Лежа в постели с трепещущими веками, Бельгин выглядела так, словно страдает болезнью, а не ожидает рождения ребенка. В силу того, что она была невысокой, худенькой и хрупкой, она тяжело переносила беременность, которая стала для нее настоящим испытанием, а не радостью. Фаворитка изнемогала от слабости, тошноты и рвоты, из-за которых она потеряла аппетит и вследствие этого стремительно теряла вес и силы. Бледная, исхудавшая и бессильная, Бельгин не покидала постели и буквально таяла на глазах, чем вызывала беспокойство лекарей, которые уже предупредили Хафсу Султан о том, что, возможно, фаворитка не сможет выносить этого ребенка и потеряет его. Самой Бельгин об этом не было известно, а вот Айнель-калфа была осведомлена, потому и проявляла особую настойчивость в стремлении заставить Бельгин хотя бы немного поесть.

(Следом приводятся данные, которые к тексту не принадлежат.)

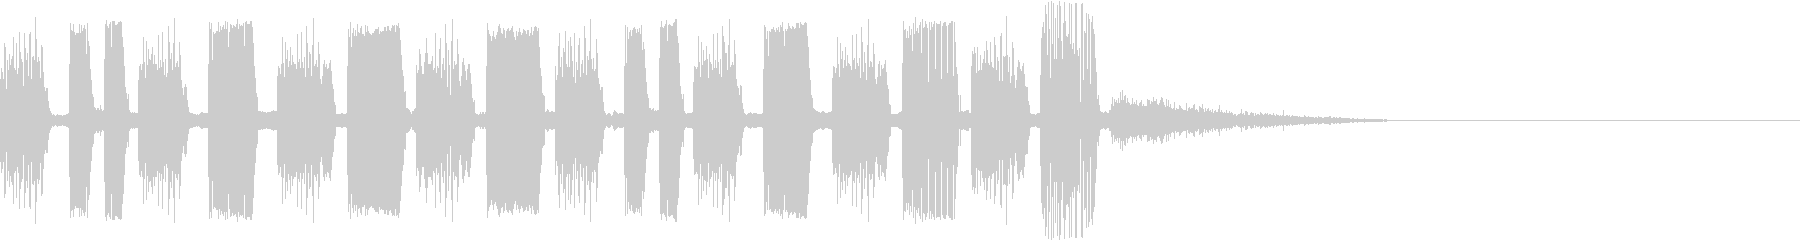 EDMジングルオーソドックスの未再生の波形

— Ну же, Бельгин, — мягко уговаривала она, подставляя ложку с бульоном к ее рту. — Прошу, хотя бы несколько ложек. Это необходимо, причем, не только для тебя, но и для ребенка. Ты же не хочешь, чтобы он страдал?
Мученически вздохнув, Бельгин покорно открыла рот и проглотила ложку бульона, затем неприязненно поморщившись. За ней последовало еще несколько ложек, после чего девушка отвернулась к стене, показывая, что больше съесть не сможет.
— Аллах, что мне с тобой делать? — вздохнула Айнель-калфа и, отставив на столик полную тарелку с бульоном, заботливо поправила одеяло. — Как ты себя чувствуешь? Может, мне принести тебе тот отвар, что прописала Дильнар-хатун? Она сказала, что он облегчит твое состояние.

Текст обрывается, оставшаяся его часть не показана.